In monthly_tou_avg_price table, we have monthly average aggregate data that were inserted from a very large table (> 2 billion) with hourly data. We have created the aggregate table to speed up certain queries. Strangely, we are getting incorrect results from very simple queries on the aggregate table.
Q1 below returns 9,890 records with yyyy_mm column having empty value for the 2012-07 records. All of the 2012-07 records are missing the yyyy_mm value. We ran the SQL statement that inserted those records and it does not show any empty yyyy_mm values. If we check for empty string or null value in yyyy_mm column (Q2 and Q3) against the aggregate table, we do not get any hits.

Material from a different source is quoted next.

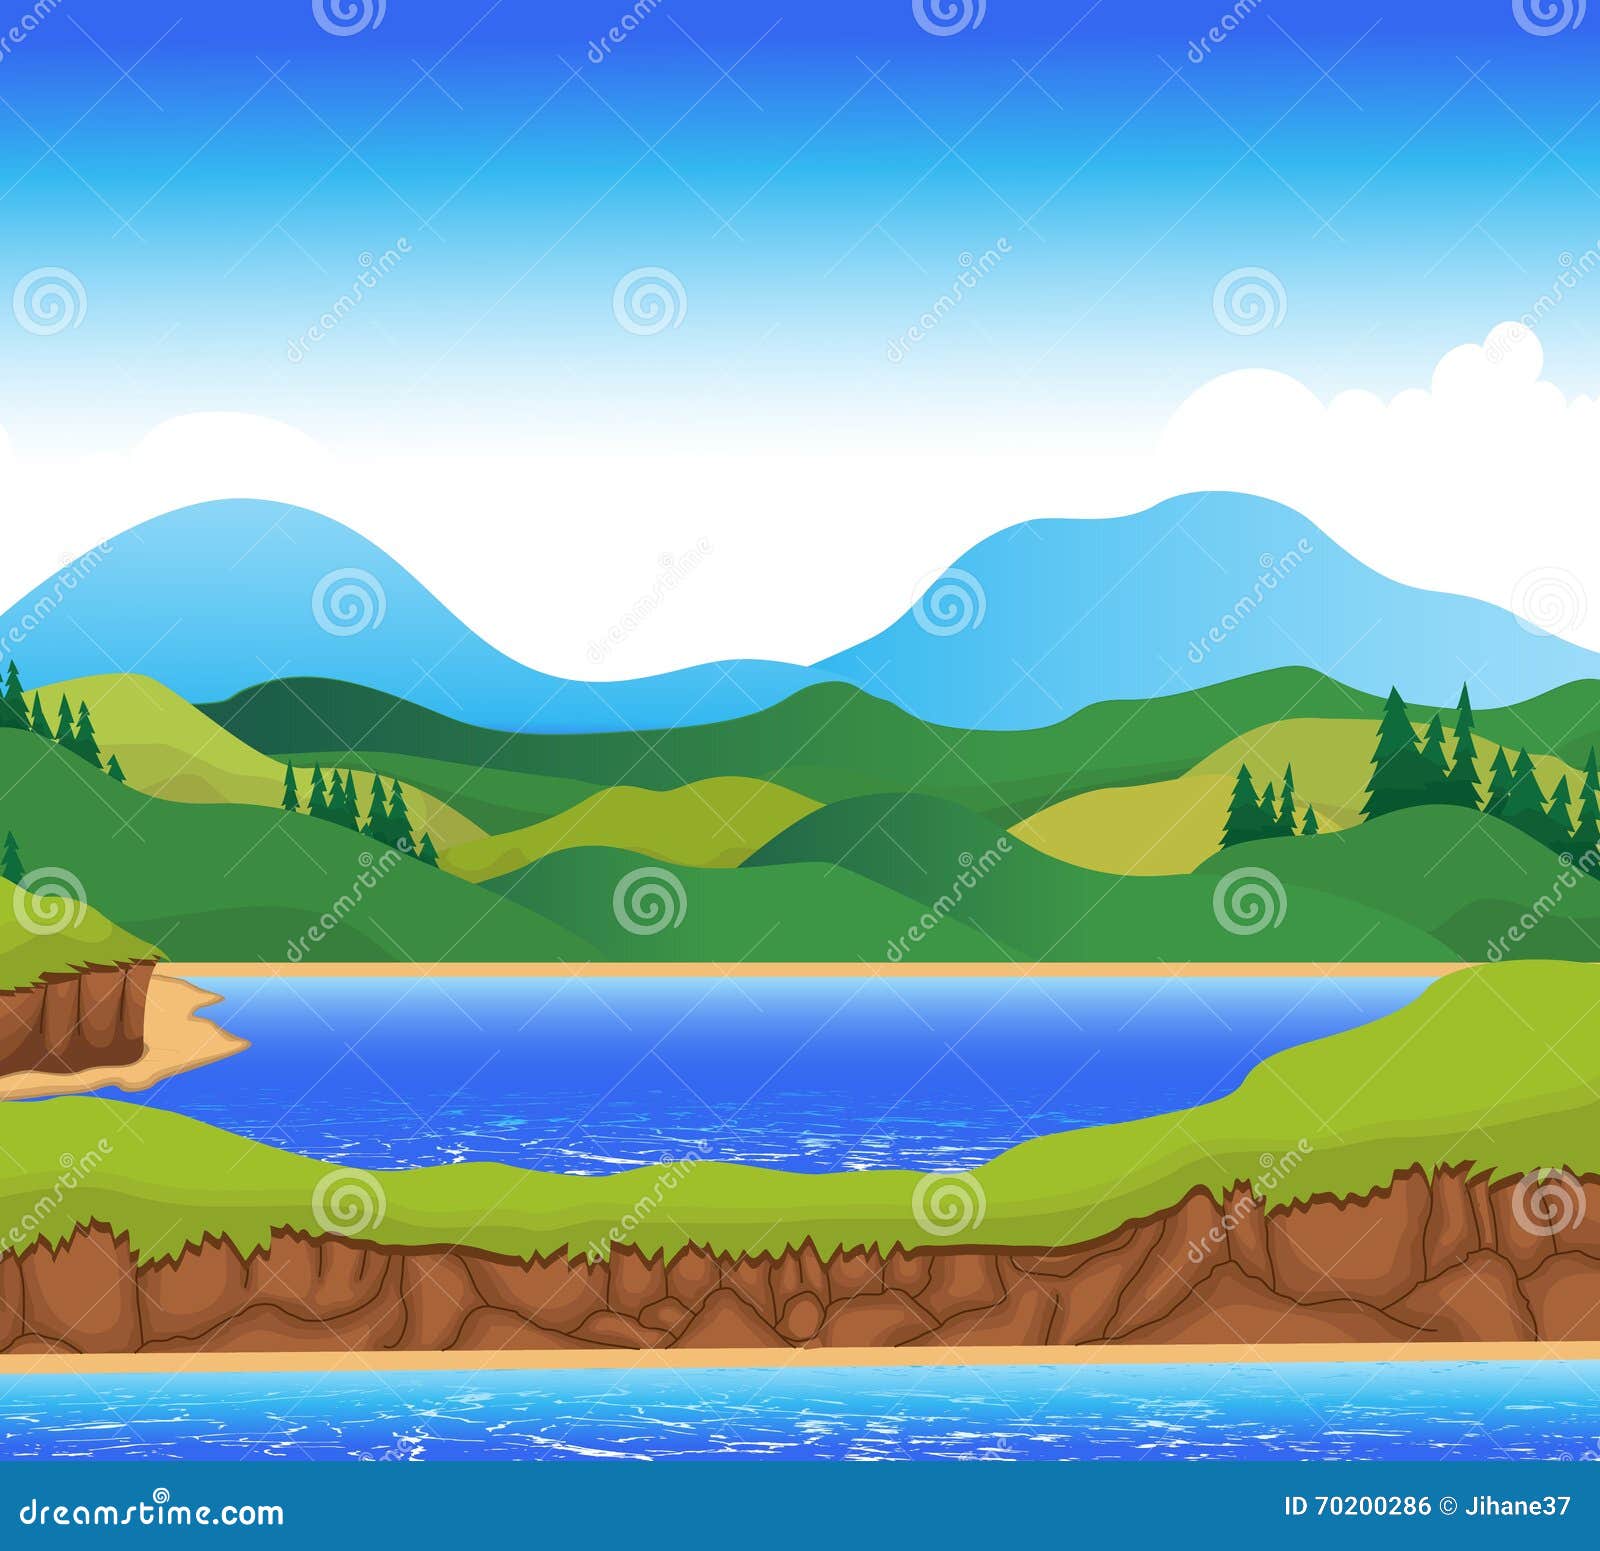 Beautiful View of River Cartoon with Mountain Landscape Background ...

If we query for yyyy_mm= '2012-07' as in Q4, we get exactly 9890 records showing yyyy_mm populated with value 2012-07. How could this be possible, Q1 showing empty yyyy_mm values for the same 9,890 records and Q4 showing 2012-07 yyyy_mm values?
Q1: select * from monthly_tou_avg_price where header_id = 6
Q2: select * from monthly_tou_avg_price where header_id = 6 and yyyy_mm = ''
Q3: select * from monthly_tou_avg_price where header_id = 6 and yyyy_mm is null
Q4: select * from monthly_tou_avg_price where header_id = 6 and yyyy_mm = '2012-07'
Q5 below returns empty value for yyyy_mm even though yyyy_mm column does not have any empty or null values. Q6 does not return any empty or null yyyy_mm values and contradicts Q5 result by returning 2012-07. Furthermore, Q7 contradicts Q5 with 9,890 records with 2012-07 value in yyyy_mm column.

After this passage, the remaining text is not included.